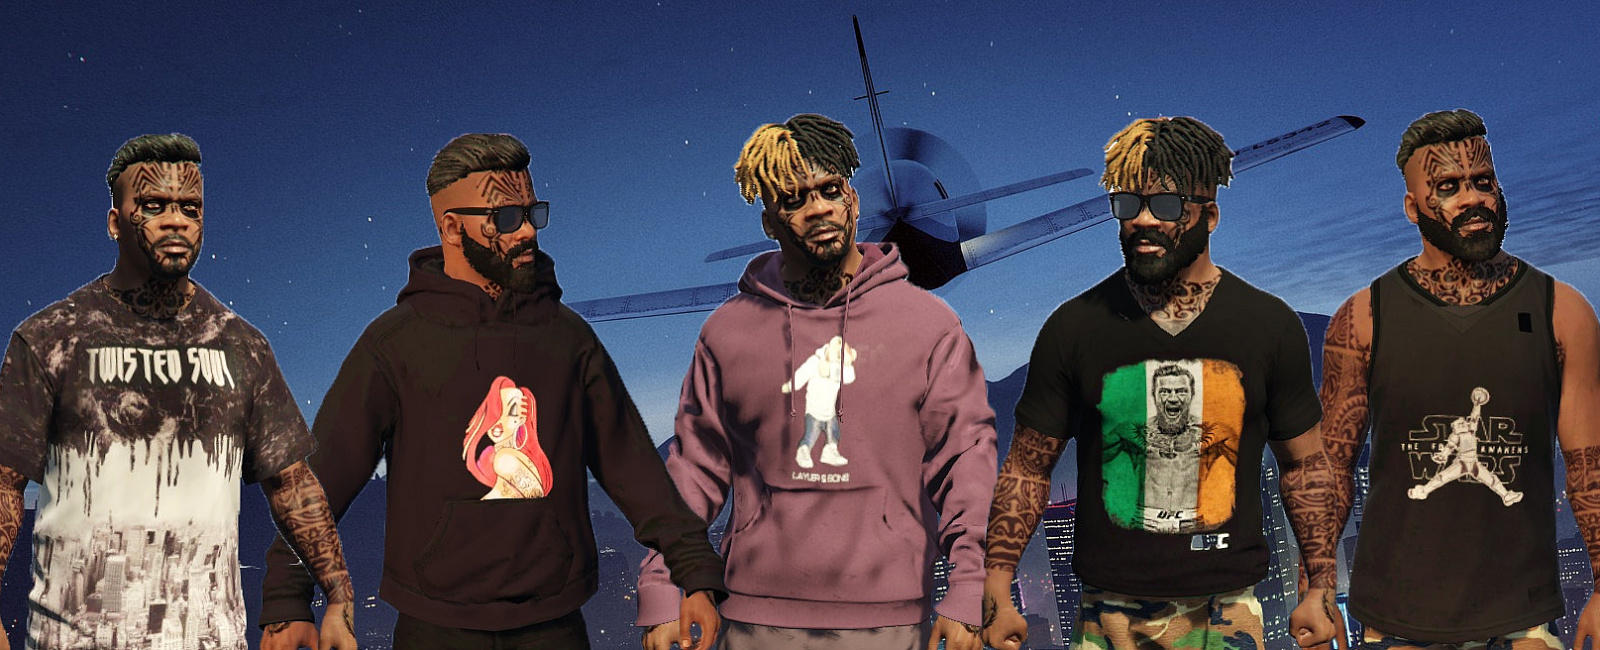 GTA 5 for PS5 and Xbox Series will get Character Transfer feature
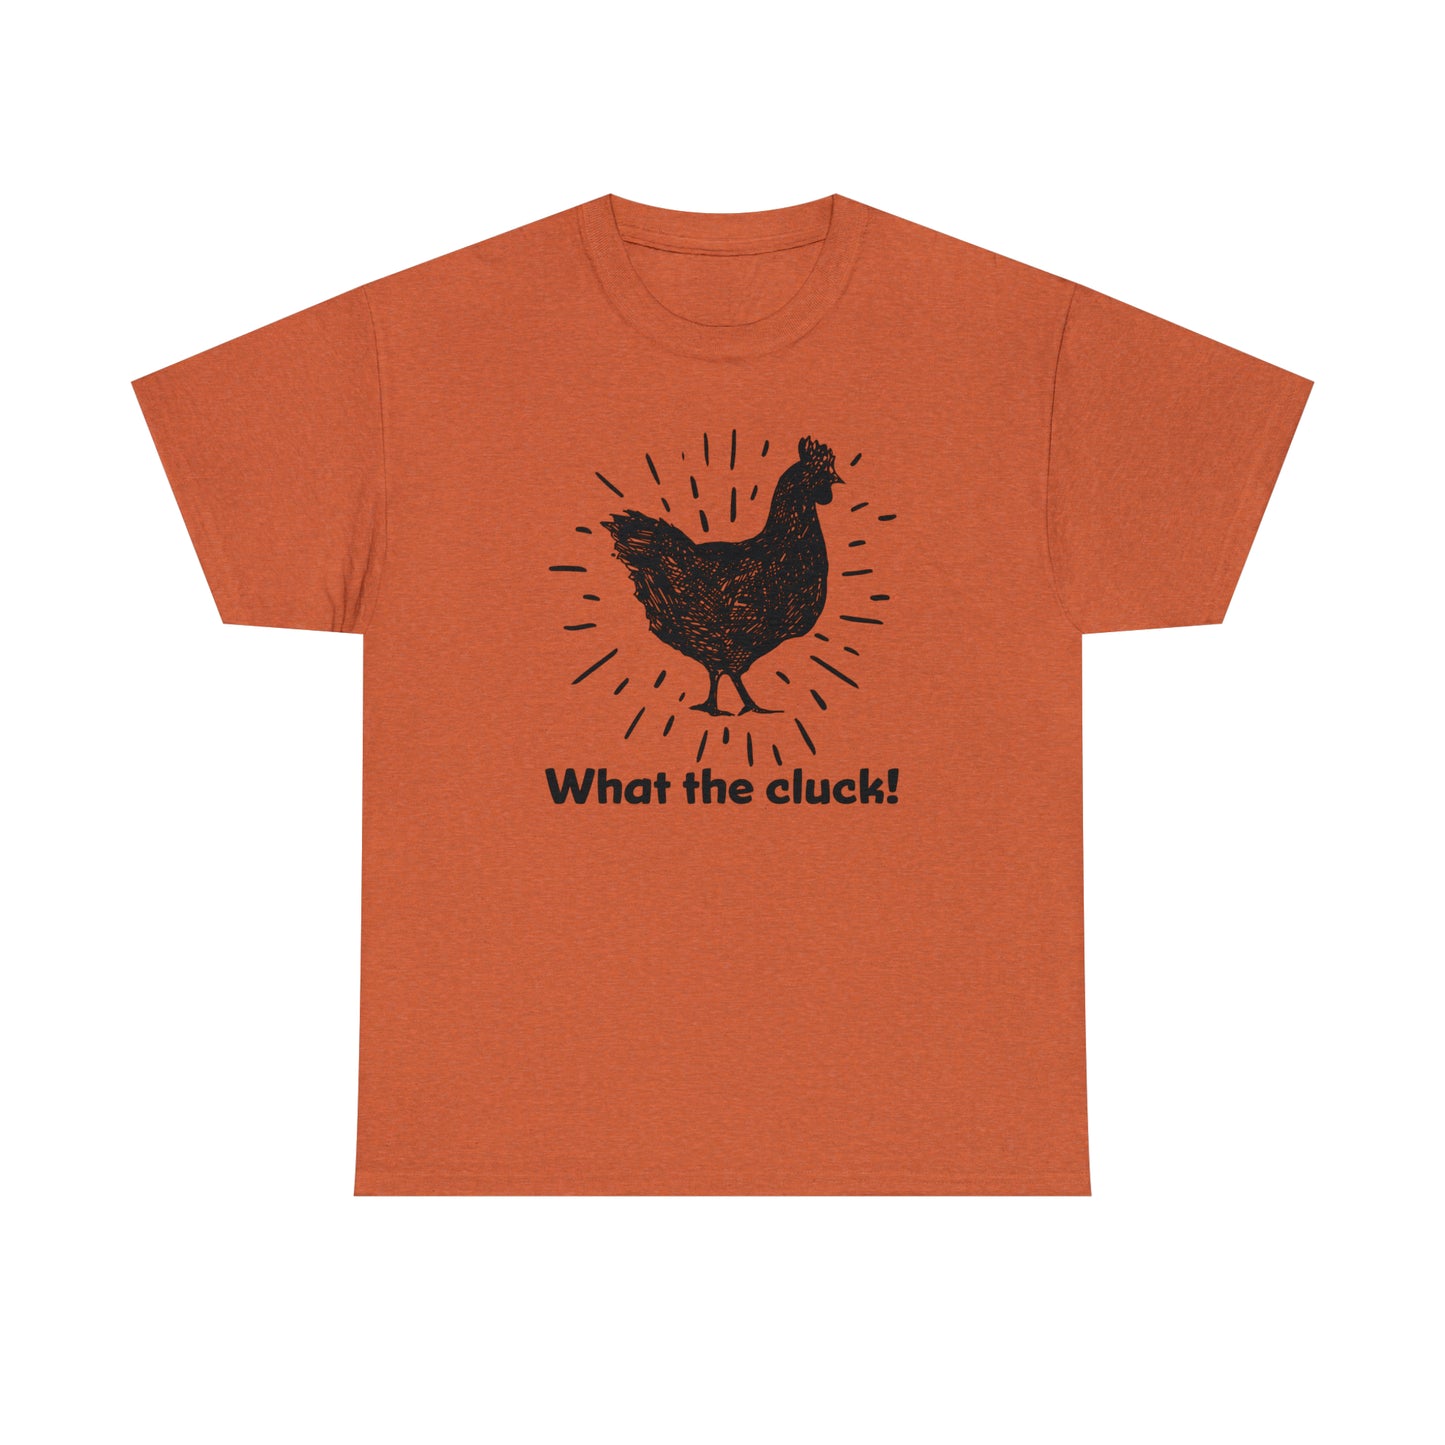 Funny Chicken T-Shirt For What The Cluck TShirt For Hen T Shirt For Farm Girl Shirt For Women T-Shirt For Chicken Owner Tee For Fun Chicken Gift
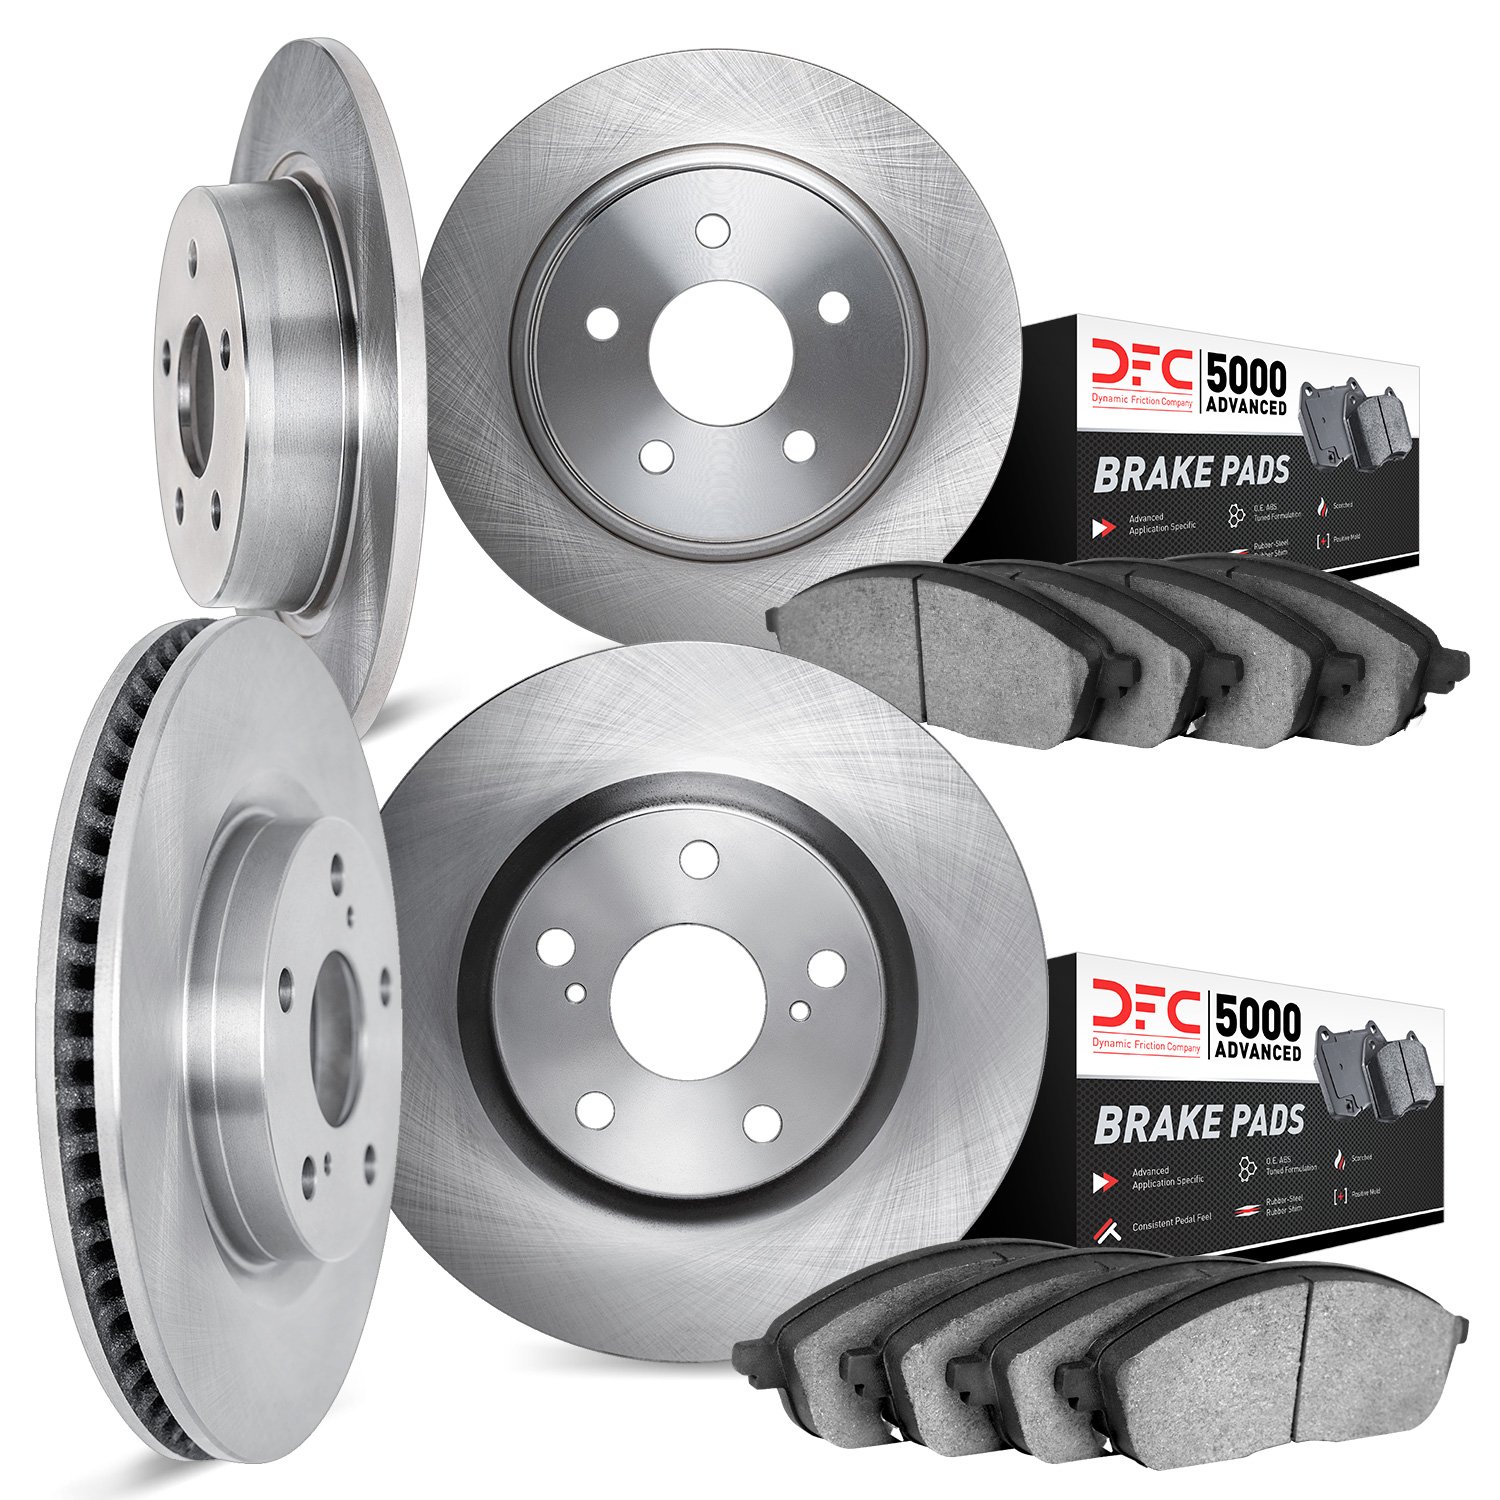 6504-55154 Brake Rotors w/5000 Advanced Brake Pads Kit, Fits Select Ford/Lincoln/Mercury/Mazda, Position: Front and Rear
---*---
(ASSIGNMENT): The lines from the one containing "Funny Chicken T-Shirt" through the last line of the data above are to be transcribed exactly, both included, with all pictures left out.

(ANSWER BOX):
 Funny Chicken T-Shirt For What The Cluck TShirt For Hen T Shirt For Farm Girl Shirt For Women T-Shirt For Chicken Owner Tee For Fun Chicken Gift
 6504-55154 Brake Rotors w/5000 Advanced Brake Pads Kit, Fits Select Ford/Lincoln/Mercury/Mazda, Position: Front and Rear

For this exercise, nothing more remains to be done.